→ **Exercise directions**:
The listing is to be printed word for word, pictures omitted.

→ **Data**:
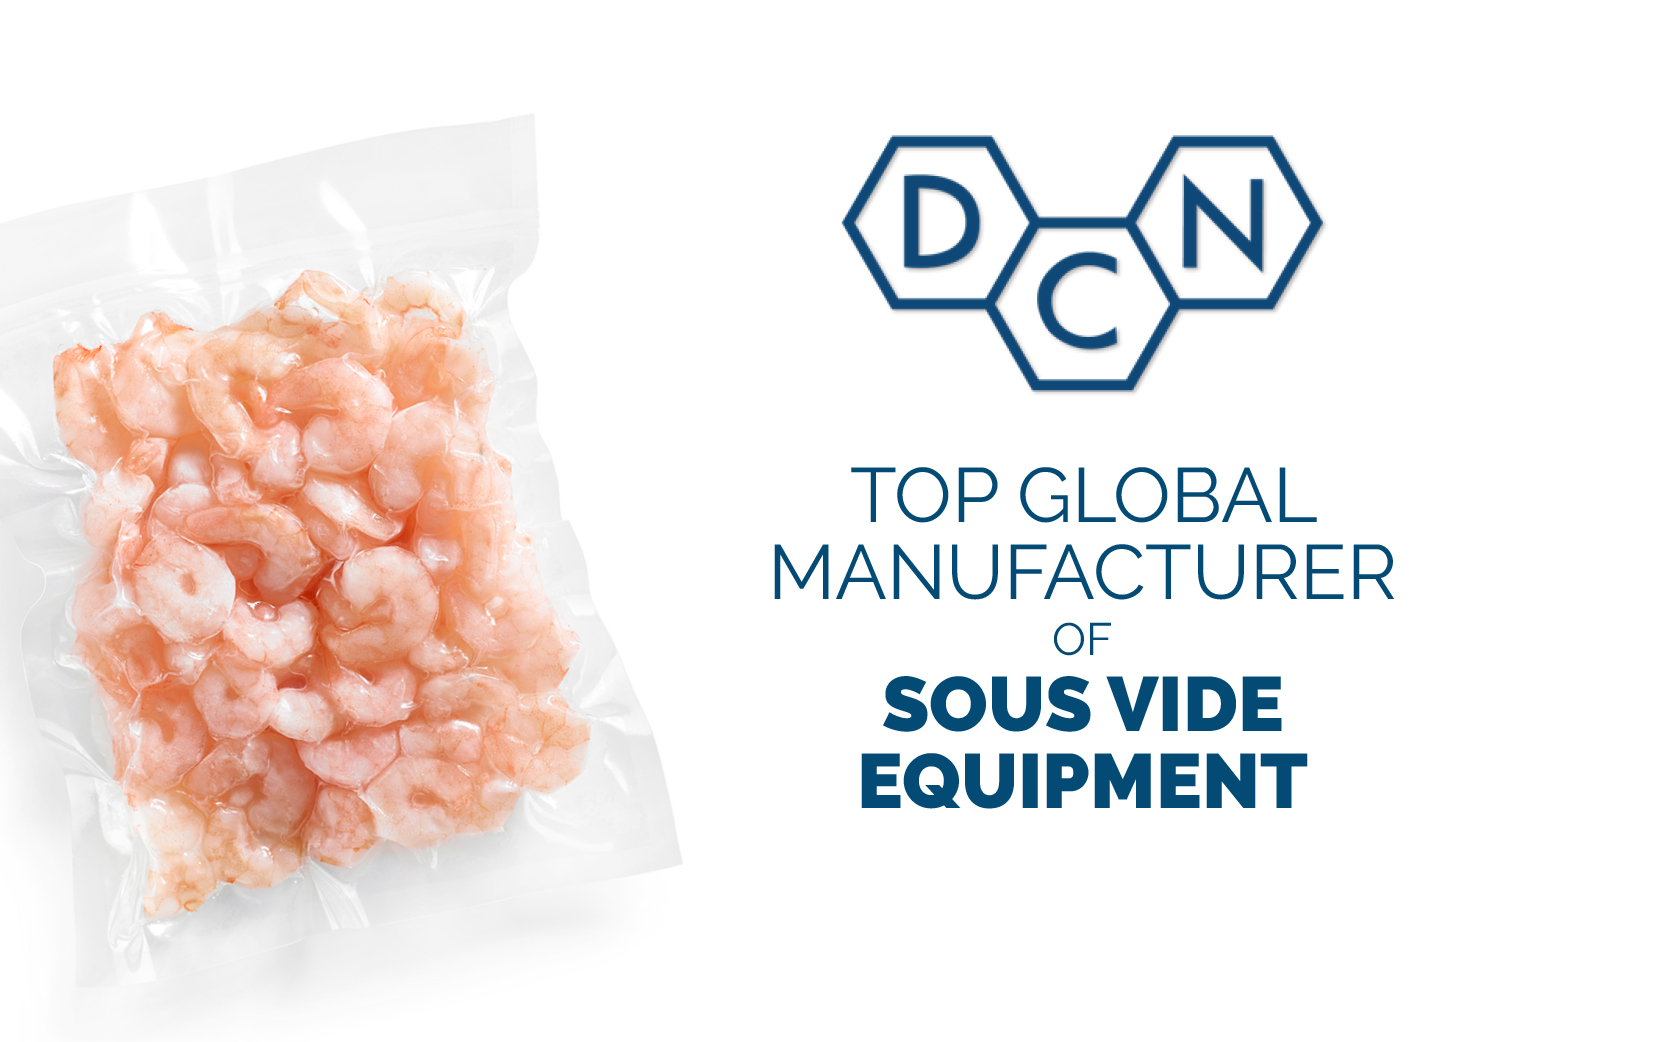 a vacuum sealed bag of shrimp ready to be cooked in a sous vide tank manufactured by DC Norris North America sits next to the announcement that DC Norris & Company has been named a top global manufacturer of sous vide equipment
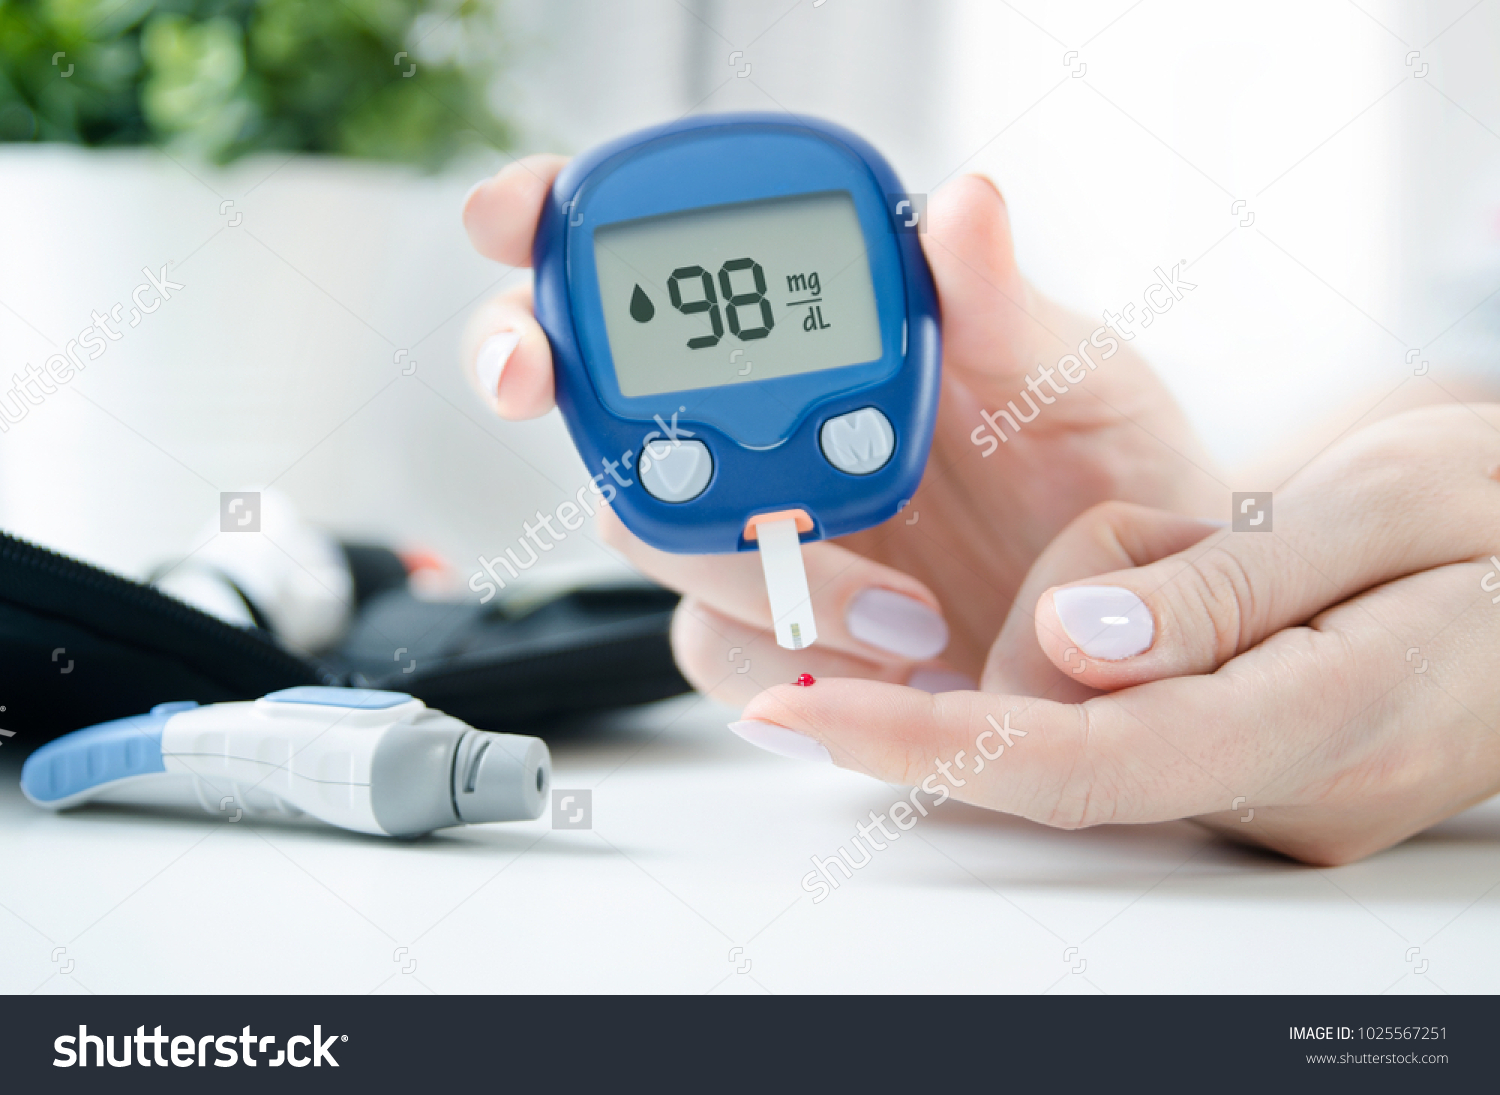 Diabetes checking blood sugar level. Woman using lancelet and glucometer at home. #1025567251
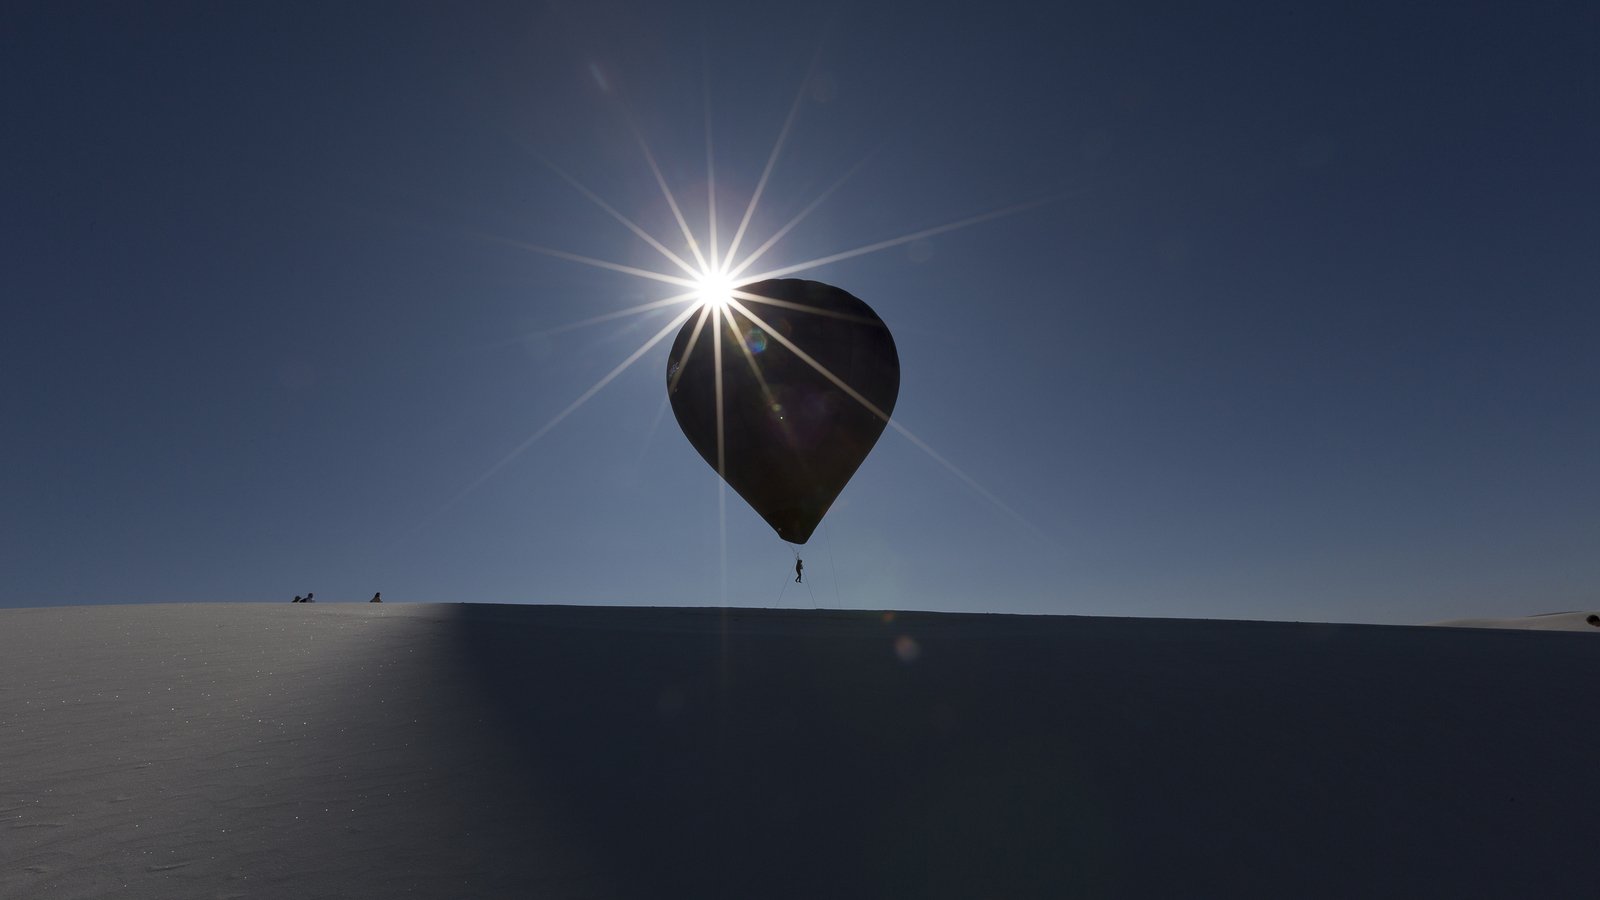 Aerocene Human Flight launches in White Sands, New Mexico, USA, 2015&nbsp;Part of Territory of the Imagination, Rubin Center for the Visual Arts, El PasoPhoto: &copy; Studio Tom&aacute;s SaracenoCourtesy Aerocene FoundationLicensed under CC BY-SA 4.0. 2019

→ **Answer to this exercise**:
 a vacuum sealed bag of shrimp ready to be cooked in a sous vide tank manufactured by DC Norris North America sits next to the announcement that DC Norris & Company has been named a top global manufacturer of sous vide equipment
 Diabetes checking blood sugar level. Woman using lancelet and glucometer at home. #1025567251
 Aerocene Human Flight launches in White Sands, New Mexico, USA, 2015&nbsp;Part of Territory of the Imagination, Rubin Center for the Visual Arts, El PasoPhoto: &copy; Studio Tom&aacute;s SaracenoCourtesy Aerocene FoundationLicensed under CC BY-SA 4.0. 2019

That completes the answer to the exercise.